Working in the dairy, we have Richard our head cheese maker and Adam our assistant cheese maker. Neither of them need to go to gym because a days cheese making is a serious work out with about 600 kilos of curd being moved by hand several times.
Making the cheese is an unusual blend of art and science. Getting the right temperatures and acidities throughout the process is vital. The cheese maker also needs to have a really good feel for the curd because it is this, that determines when the whey is drained off. This is critical for getting the right texture and our distinctive flavour.
Unpasteurised (raw) milk from the afternoon milking is held in a bulk tank and kept at chill temperature overnight. In the morning the cold milk from the previous evening’s milking is piped into the cheese vat and to it, the warm morning milk is added directly from the milking parlour.
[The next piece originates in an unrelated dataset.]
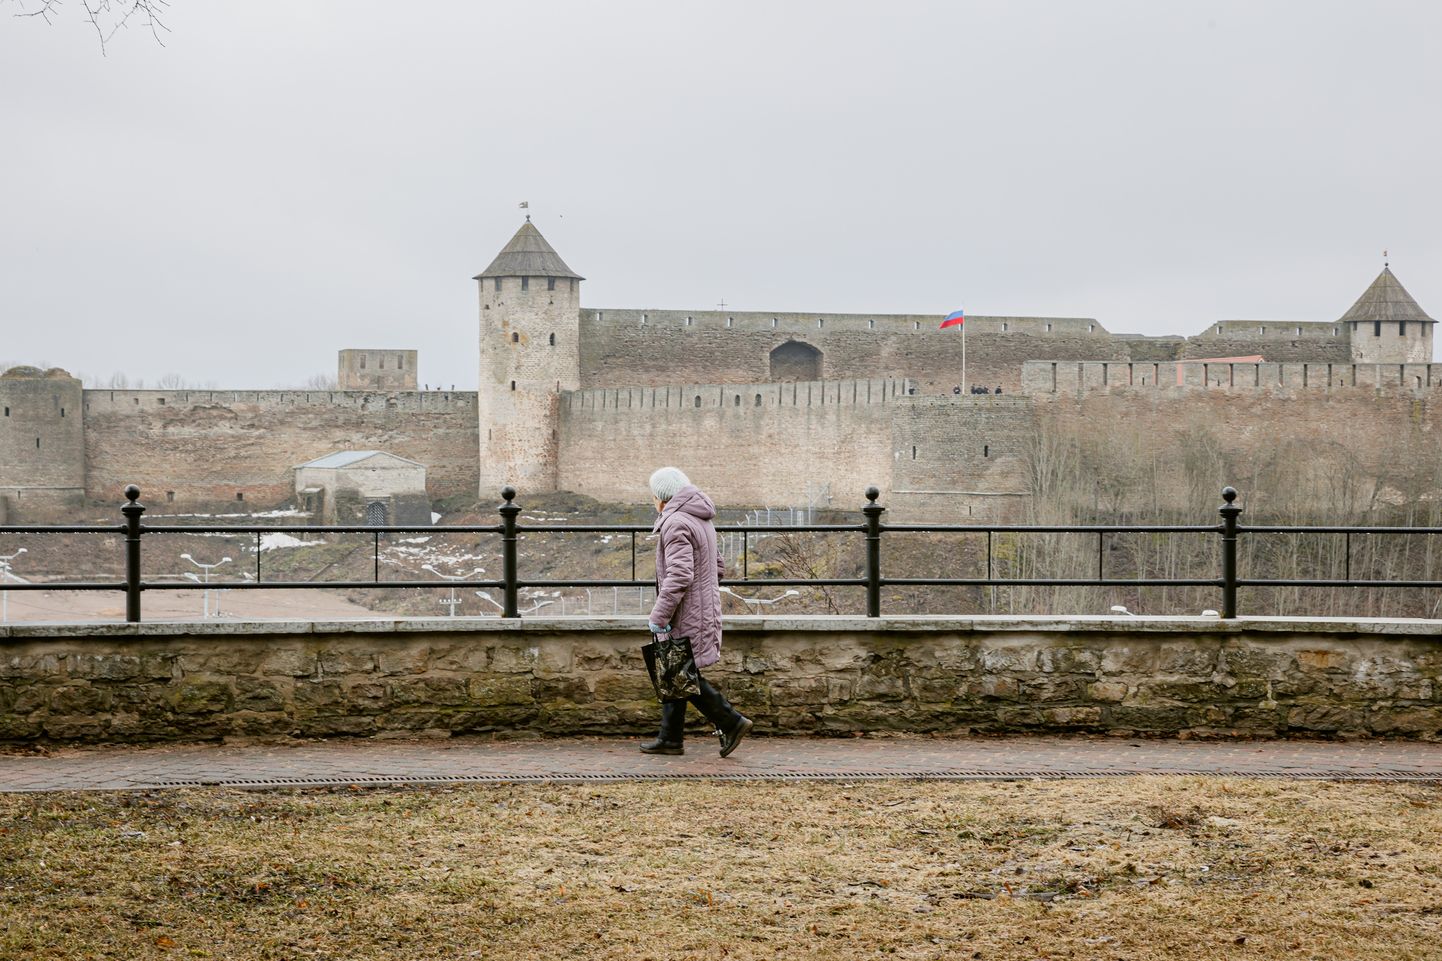 Möödunud nädalavahetusel, mil piirijõe vastaskaldal presidenti ümber valiti, oli olukord Narva piiril rahulik.

Initially starter culture is introduced to turn the milk sugars (lactose) to lactic acid. Then traditional animal rennet is introduced to the milk (1 litre to 5000 litres of milk) to separate the curds from the whey, after which the milk is heated to a temperature of about 41°C.
Once the curd has set into a junket, it is cut with knives until it is the size of a pea. The vat is then stirred for about an hour until the individual bits of curd are about the size of a grain of wheat.
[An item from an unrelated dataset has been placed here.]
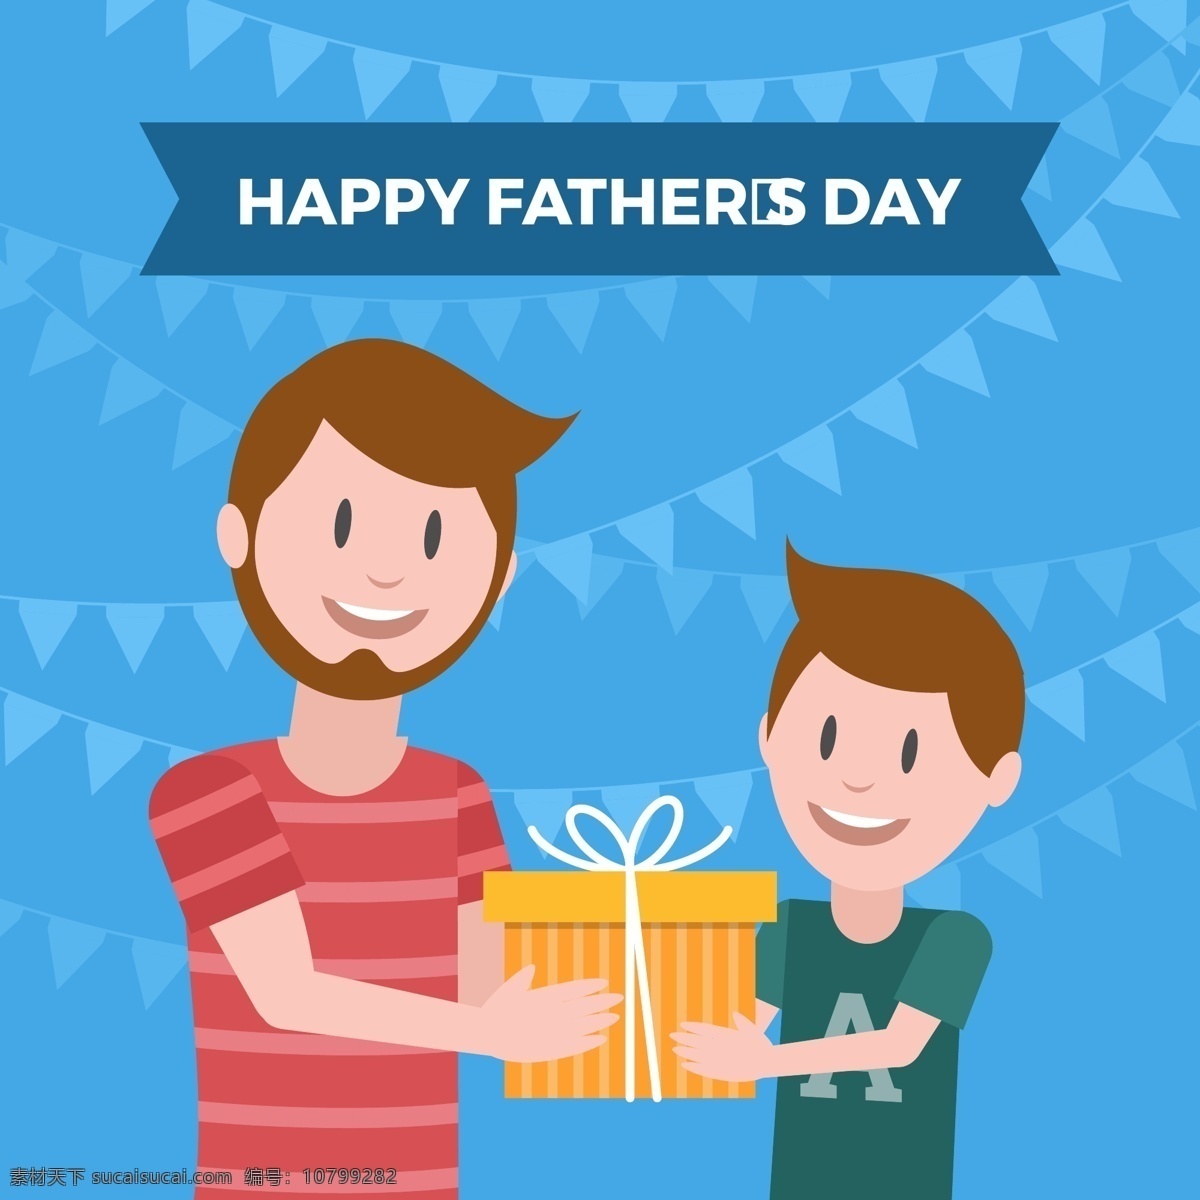 父亲节 快乐 儿子 礼物 父亲节设计 父亲节素材 父亲节元素 儿子的礼物

The whey is then drained off to leave a mat of curd at the bottom of the vat. This is cut and piled in to blocks three times (cheddaring) and then milled into chip sized pieces.
Salt is then added and mixed in by hand (very hard work!). The cheese moulds are then filled with 20kg of salted mixed curd and pressed for 36 hours.
Finally, truckles are turned out and matured on wooden boards for 12-24 months, being turned regularly to ensure even maturation throughout each cheese.